EU leaders push for difficult Turkey migrant deal

AFP , Thursday 17 Mar 2016

EU
Polish Prime Minister Beata Szydto, second right, meets with European Council President Donald Tusk, second left, on the sidelines of an EU summit in Brussels on Thursday, March 17, 2016 (Photo: AP)

European Union leaders begin a difficult summit on Thursday to push for a crucial agreement with Turkey to curb the continent's massive migration crisis despite threats by Cyprus to quash the deal.

The proposed plan, which would make Turkey a central pillar of the divided EU's response to the crisis, has been hailed by German Chancellor Angela Merkel as the "first real chance" to end the influx of refugees and migrants.

But the ambitious accord, under which Turkey would take back all asylum seekers arriving in Greece in what has become Europe's biggest migrant crisis since World War II, faces sharp criticism on several fronts.

"I am cautiously optimistic but frankly, more cautious than optimistic," said European Council President Donald Tusk -- who will chair the summit of 28 EU leaders on Thursday before they are joined by Turkish Prime Minister Ahmet Davutoglu on Friday.

"If we keep our cool we will achieve success," Tusk added after talks in Brussels with Ukrainian President Petro Poroshenko.
European Commission chief Jean-Claude Juncker meanwhile said on Twitter that he was "cautiously optimistic that we will conclude a binding agreement with Turkey" before he held eve-of-summit talks with Cyprus.

The summit comes as the UN said migrant arrivals in Greece alone had topped one million since January 2015, accounting for most of the 1.2 million people who sought asylum in the EU last year as they flee war in Syria, Iraq, Afghanistan and elsewhere.

Tusk stressed in his summit invitation letter that the parts of the migration deal that involve "re-energising" Turkey's long-stalled EU membership bid should also be "an opportunity to support the settlement talks in Cyprus. Only if this is possible, can we move forward here."

Cyprus has threatened to block the deal over long-standing disagreements with Ankara over the island, which has been divided since 1974 when Turkish troops invaded its north in response to an Athens-engineered coup attempt.

The only capitals that Tusk visited this week were Nicosia and Ankara, underscoring the seriousness of the threat.

Despite frantic efforts in Brussels to "rebalance" the deal in recent days, Tusk has freely admitted a major stumbling block remains the legality of the deal.

Under the key clause, in exchange for Turkey taking back all migrants arriving in Greece, the EU will resettle one Syrian for every Syrian readmitted on Turkish soil.

The UN and rights groups have warned that this amounts to an illegal mass expulsion of asylum seekers.

"An absolute priority is to ensure that our decisions respect both EU and international law," Tusk said in his letter.

A draft of the summit conclusions stresses that the one-for-one plan is a "temporary and extraordinary measure" and effectively capped at 72,000 migrants.

Proposals to give Turkey visa-free travel to the EU's Schengen passport-free zone by June have also worried several countries.
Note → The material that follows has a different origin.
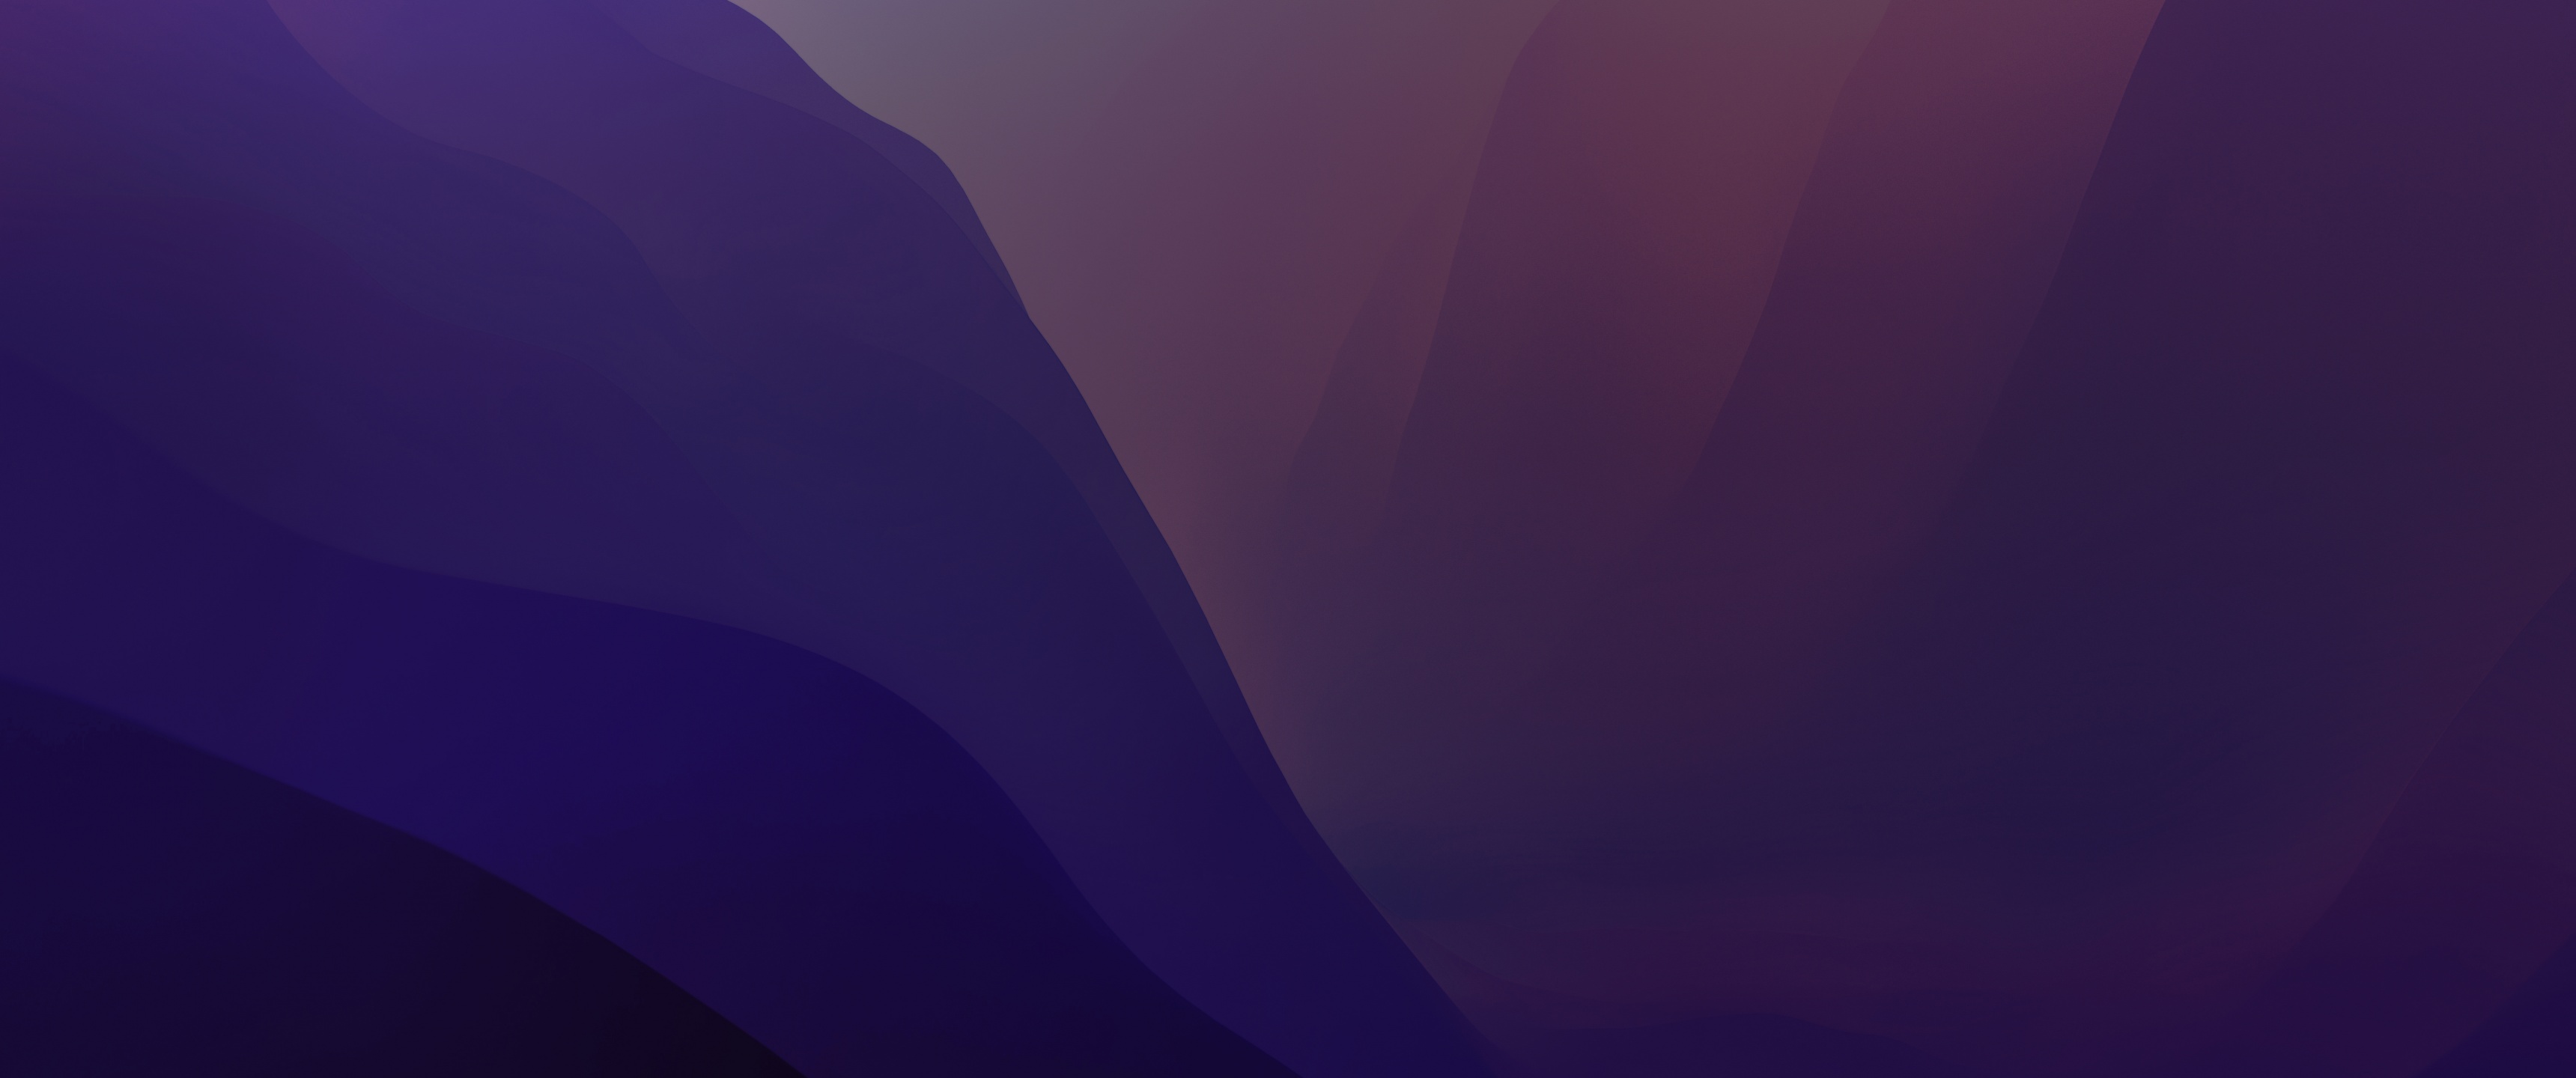 Hình nền macOS Monterey tím là một lựa chọn hoàn hảo cho người dùng Mac. Với sự kết hợp của gradients và màu tím đầy tinh tế, hình nền này sẽ mang lại cho bạn một cái nhìn hoàn toàn mới và độc đáo cho máy tính của bạn.

Critics have voiced unease over Turkey's arrests of journalists and academics, and an intensifying military campaign against Kurdish separatists.
France has warned against attempts by Turkey to strong-arm Europe, and Czech President Milos Zeman charged that Ankara's request for billions of euros more in EU aid amounted to "blackmail".

The draft conclusions say Turkey could get another 3.0 billion euros by 2018 in addition to an initial 3.0 billion agreed last November.

Merkel however told the Bundestag lower house of parliament on Wednesday that no shortcuts would be taken and that EU membership for Turkey was "not on the agenda now".

Juncker in a German newspaper interview said Turkey was "not ready" for membership and would not be for "another ten years".

Europe has been deluged by people fleeing war and misery since the start of last year, most hoping for new lives in wealthy Germany and Scandinavian countries.

The flow of people into northern Europe has been halted for now as eastern European countries have effectively shut down the Balkans route with coordinated border closures.

This, however, has caused a bottleneck of more than 40,000 migrants in Greece including thousands in dire conditions in makeshift camps on the border with Macedonia.